## Your goal
Give the listing again word for word. Leave every image out.

+++ Material provided

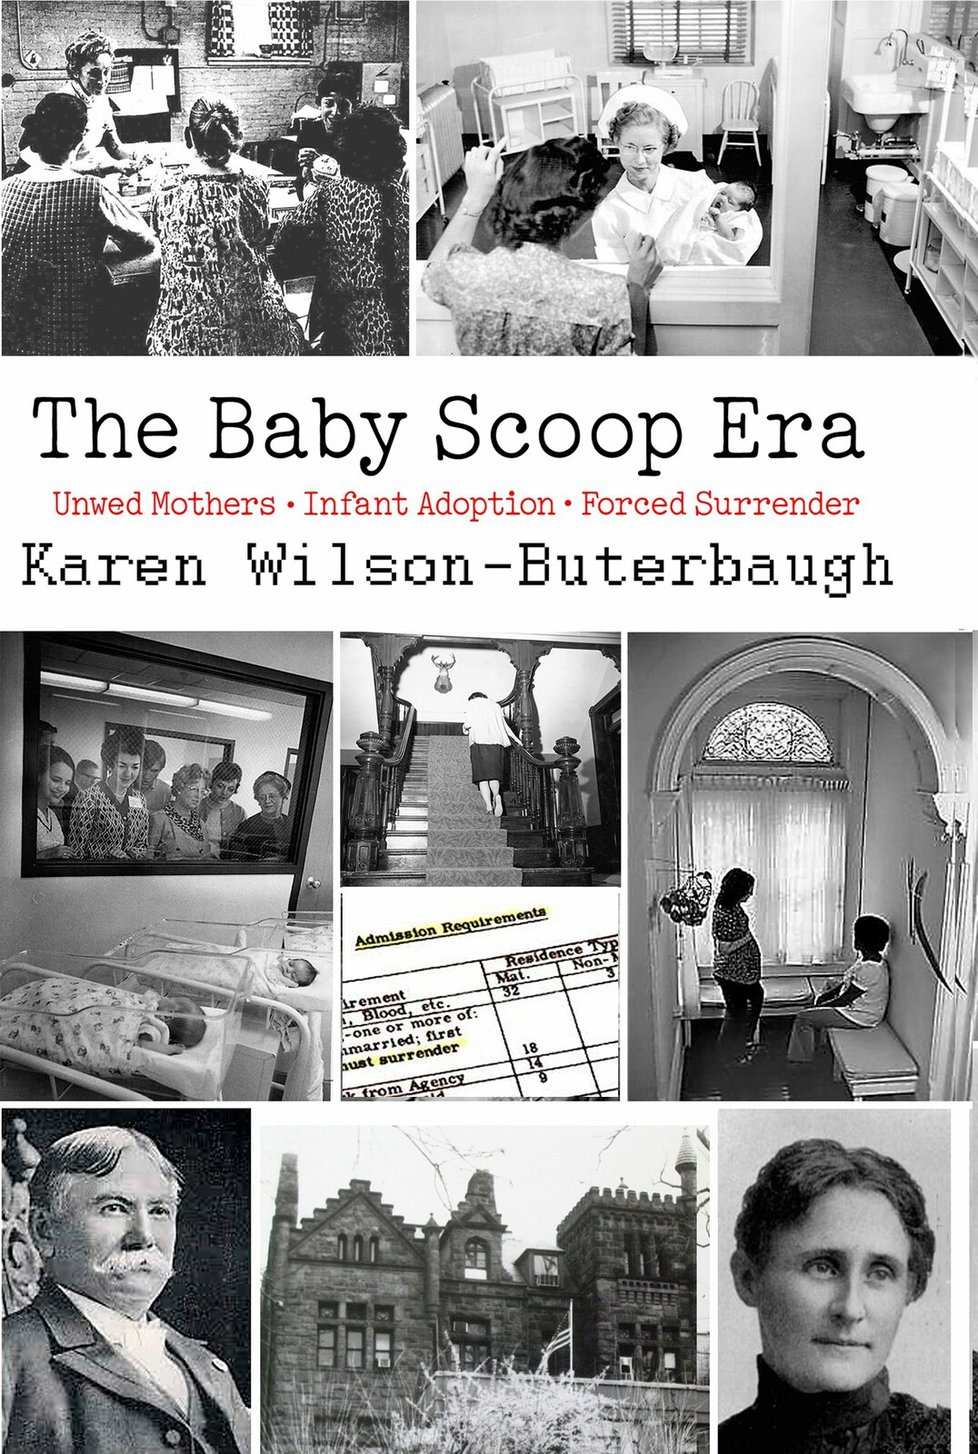 Karen Wilson-Buterbaughová: Éra přehazování dětí lopatou.
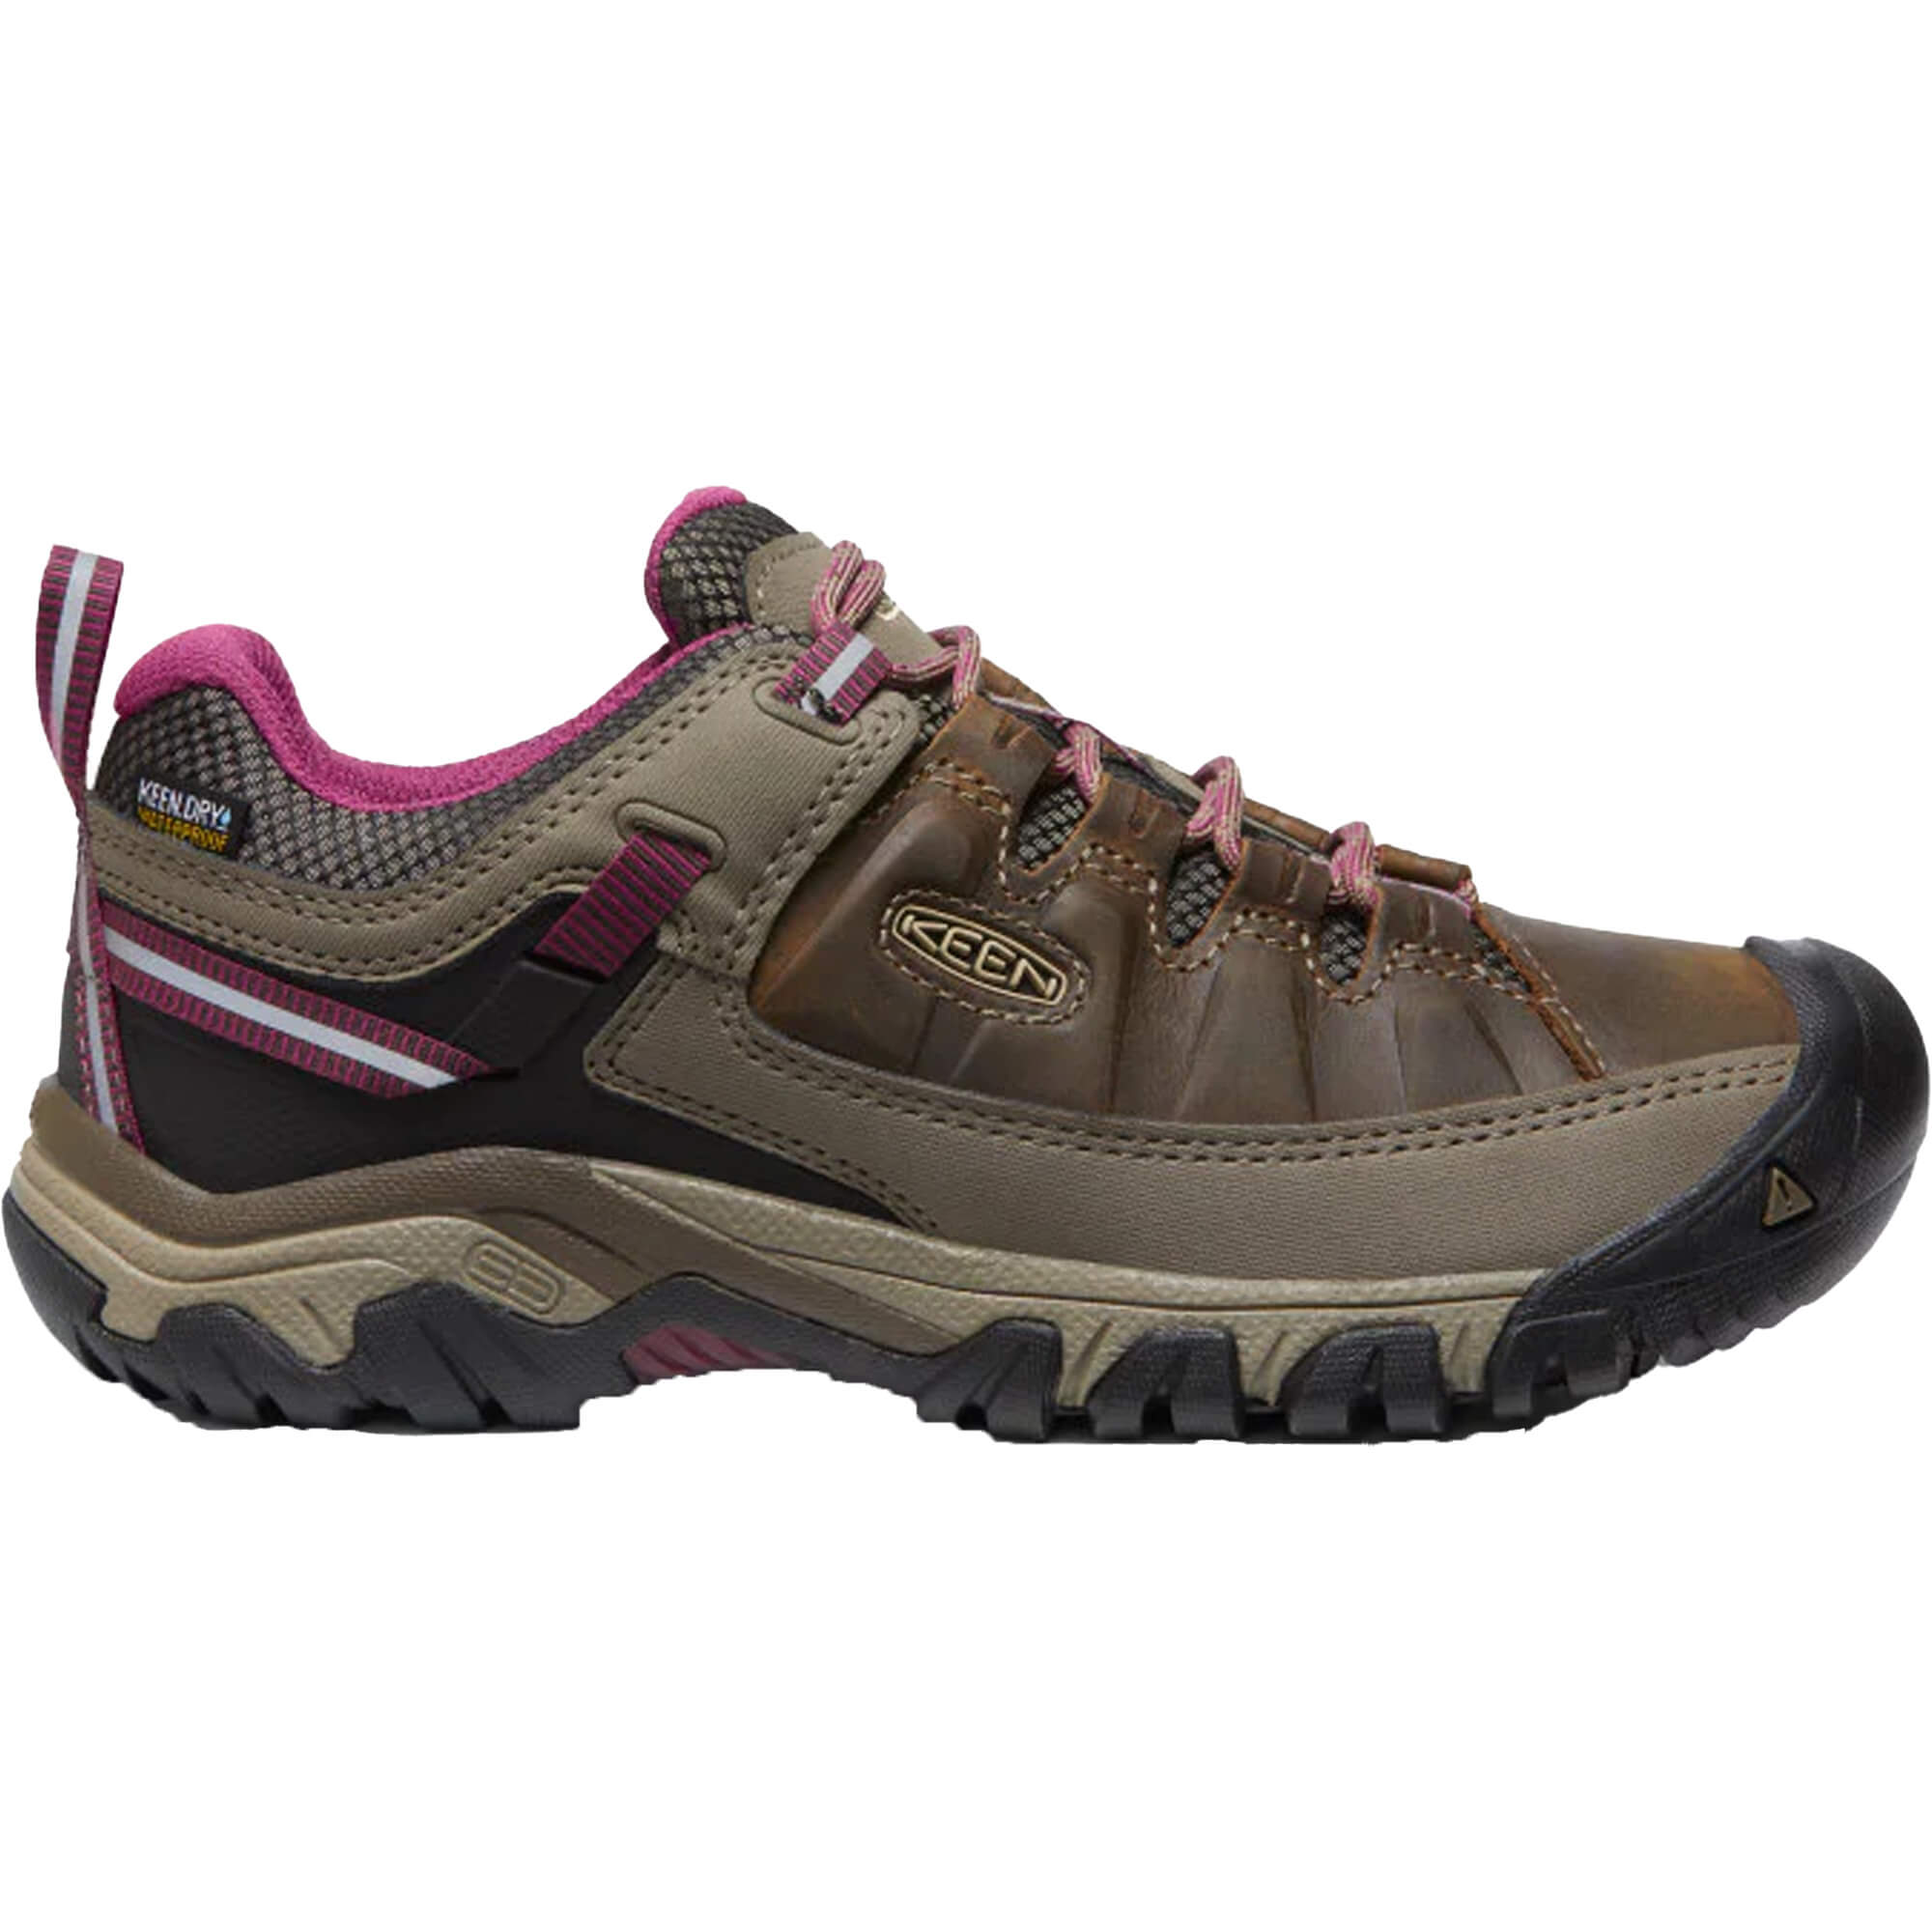 Keen Targhee III WP Women’s Hiking Shoes
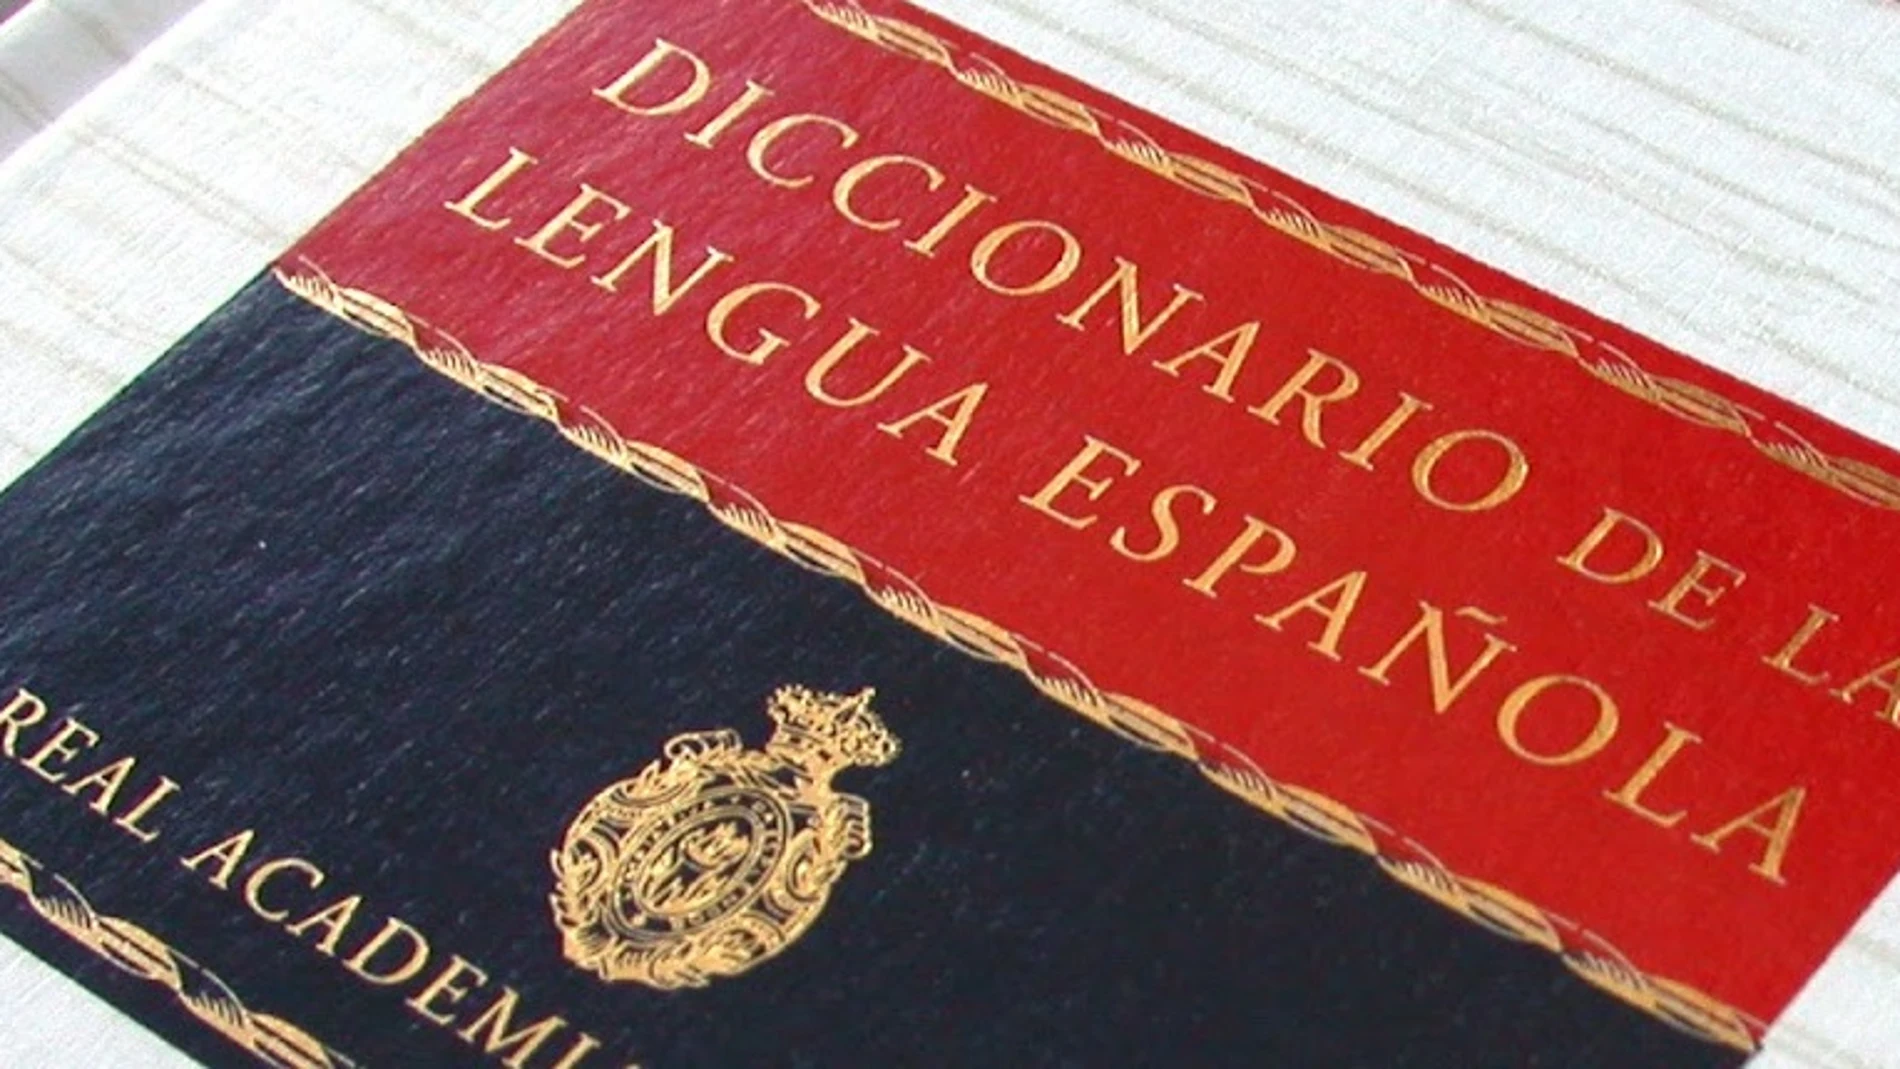 palabra, Definición, Diccionario de la lengua española

++++++

## Written answer
 Karen Wilson-Buterbaughová: Éra přehazování dětí lopatou.
 Keen Targhee III WP Women’s Hiking Shoes
 palabra, Definición, Diccionario de la lengua española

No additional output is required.